(Directions for this task): Where the line containing "A festive bowl" appears below, begin there and reproduce each line exactly through the last one, omitting pictures.

(Data shown):
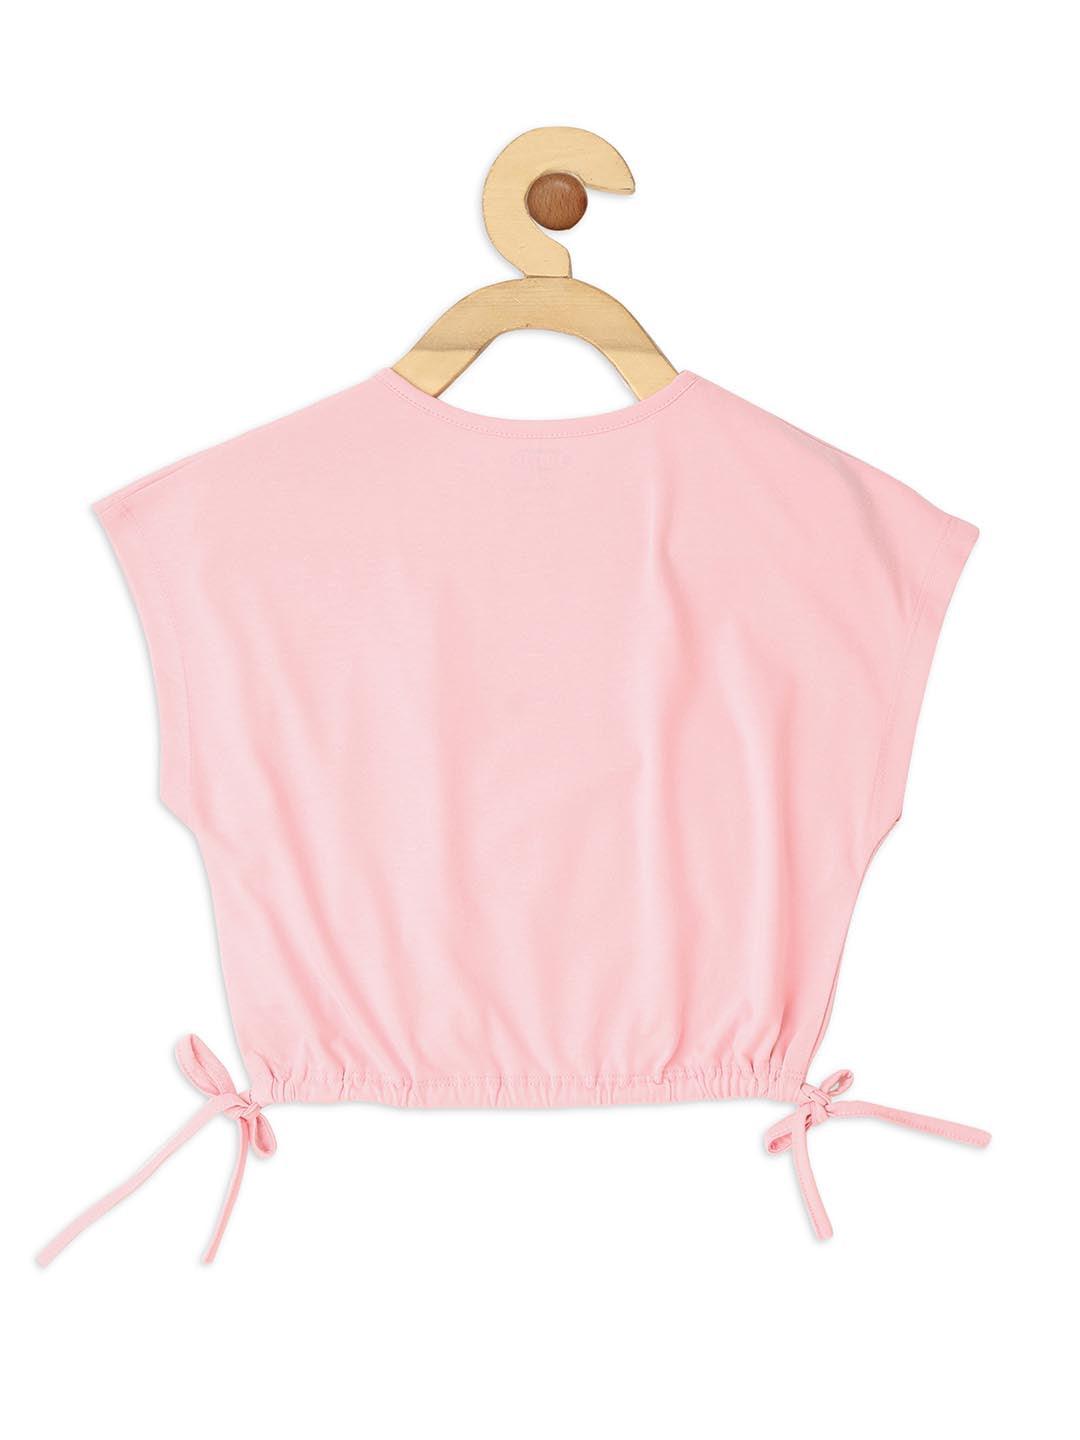 Orchid Pink Top for Girls - Lagorii Kids
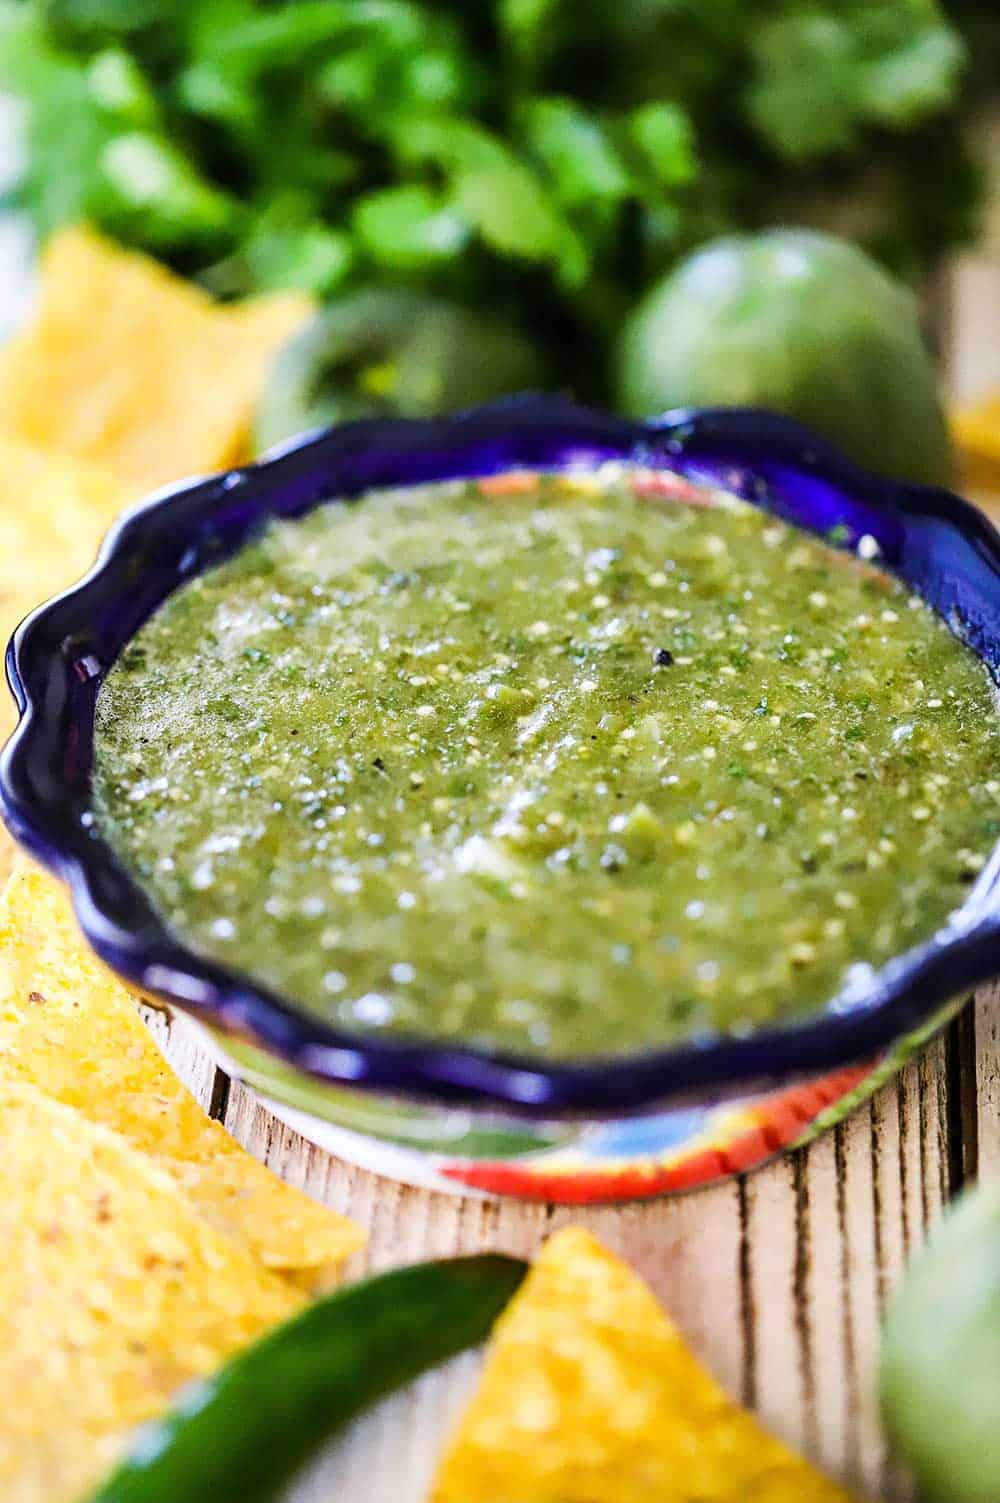 A festive bowl filled with salsa verde and surrounded by corn tortilla chips.
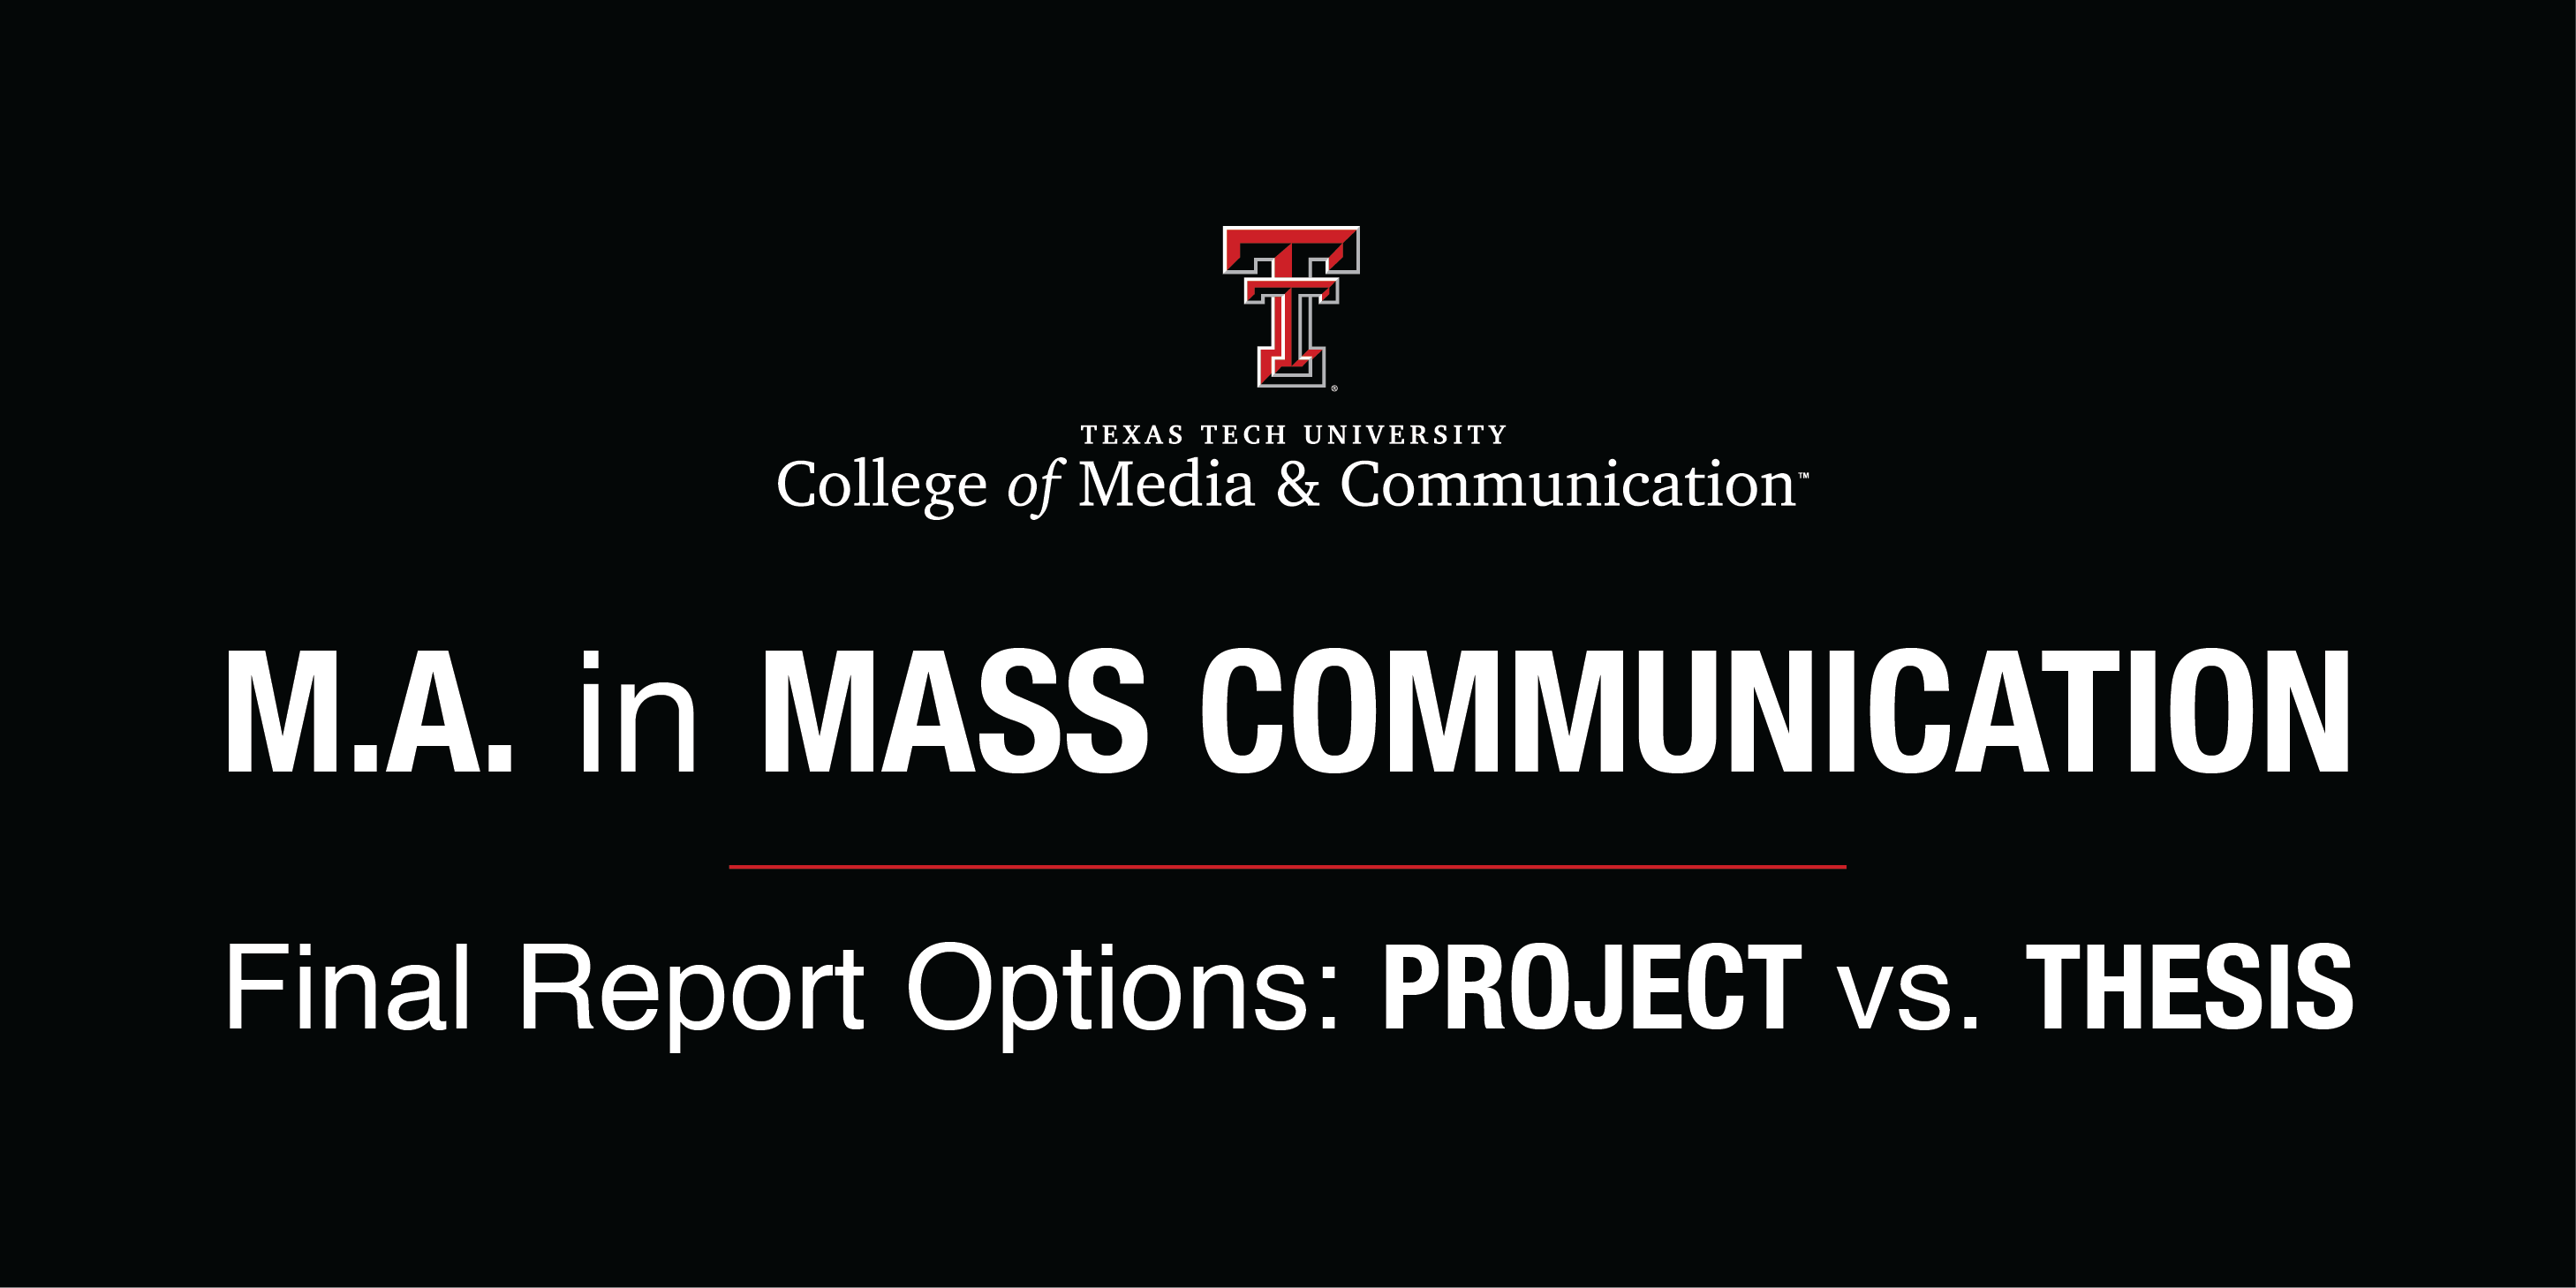 M.A. Project versus Thesis

(The completed task):
 A festive bowl filled with salsa verde and surrounded by corn tortilla chips.
 M.A. Project versus Thesis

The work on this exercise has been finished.